The pilots responsible were the twin brothers, Teniente Coronel (LTC) Lorenzo Alberto Perez Perez and his "Guy in Back," Teniente Coronel (LTC) Francisco Perez Perez. Both were charged in the United States for their role in the attack. Along with their commanding officer, they were indicted in August 2003.

==== Indictment of Raúl Castro ====
On 20 May 2026, the United States Department of Justice announced in Miami, Florida, that former First Secretary of the Communist Party of Cuba Raúl Castro, who was Cuba's defense minister during the shootdown, had been indicted on charges of murder, destruction of aircraft, and conspiracy to kill U.S. nationals, along with 5 others involved in the shootdown.

=== Cuban response ===
Miguel Alfonso Martinez of the Cuban Foreign Ministry said that the two aircraft that were shot down were "not common civilian aircraft" as suggested by the US. "This is not the case of an innocent civilian airliner that, because of an instrument error, departs from an air corridor and gets into the airspace of another country". "These people knew what they were doing.

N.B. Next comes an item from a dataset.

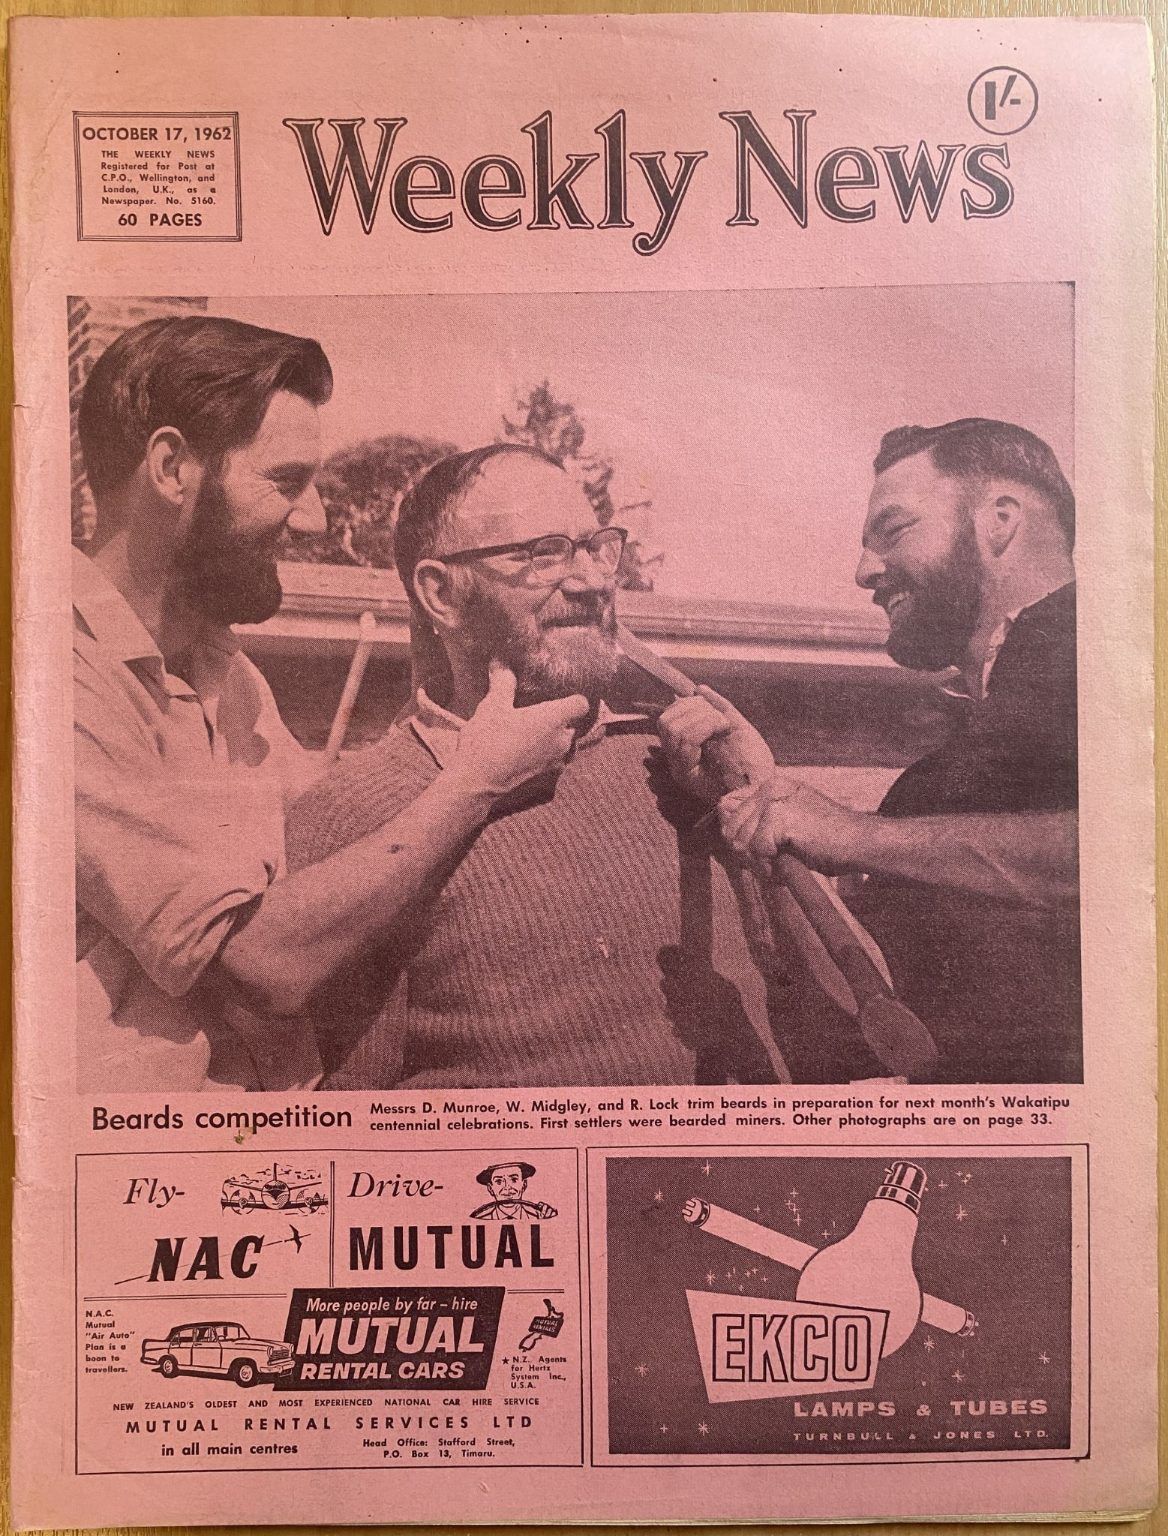 OLD NEWSPAPER: The Weekly News, No. 5160, 17 October 1962
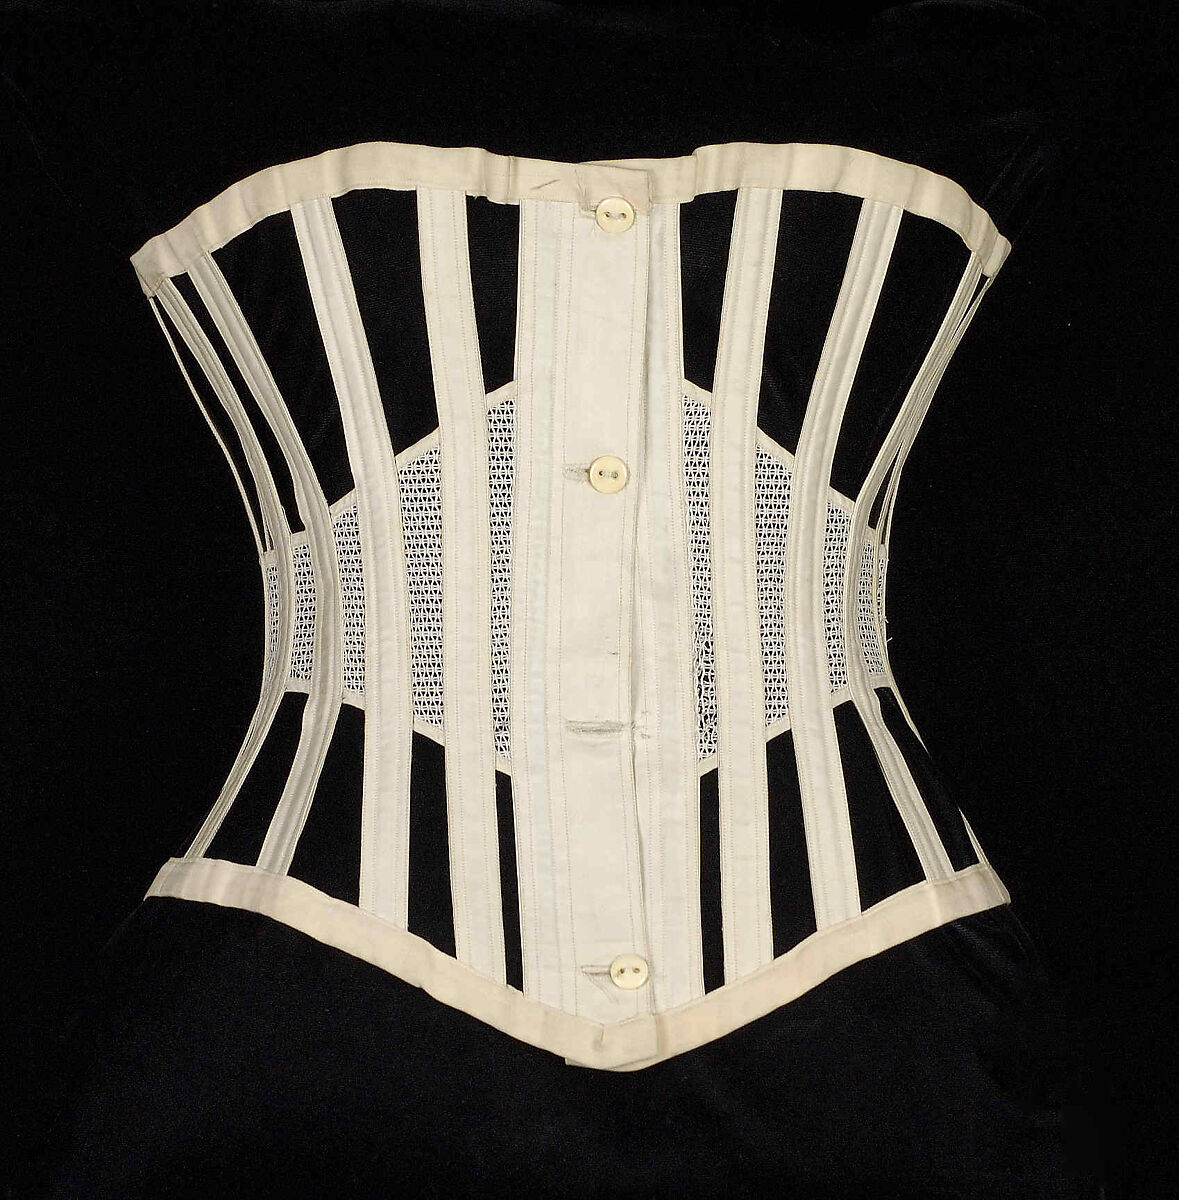 Attributed to Royal Worcester Corset Company

They were warned. They wanted to take certain actions that were clearly intended to destabilize the Cuban government and the US authorities knew about their intentions".

Groups sympathetic to Cuba, while not approving the shootdown, noted "the policies of the United States government of indefensible hostility against the island of Cuba that sit at the heart of the matter", citing constant threats and a history of military and paramilitary attacks on Cuba from the US and paramilitary groups.

== In popular culture ==
=== Film ===
- Documentary film Shoot Down, that illustrates the incident from the Brothers to the Rescue perspective, was released in 2006 and re-released in an updated, edited version on January 25, 2008. It was directed by Cristina Khuly, niece of downed pilot Armando Alejandre, Jr.
- Wasp Network, 2019. Starring Penélope Cruz, Édgar Ramírez, Gael García Bernal, and Wagner Moura.

=== Literature ===
- The Last Soldiers of the Cold War, Fernando Morais, 2011.
- Betrayal: Cuba, Castro & The Cuban Five, Thomas Van Hare and Matt Lawrence, 2010.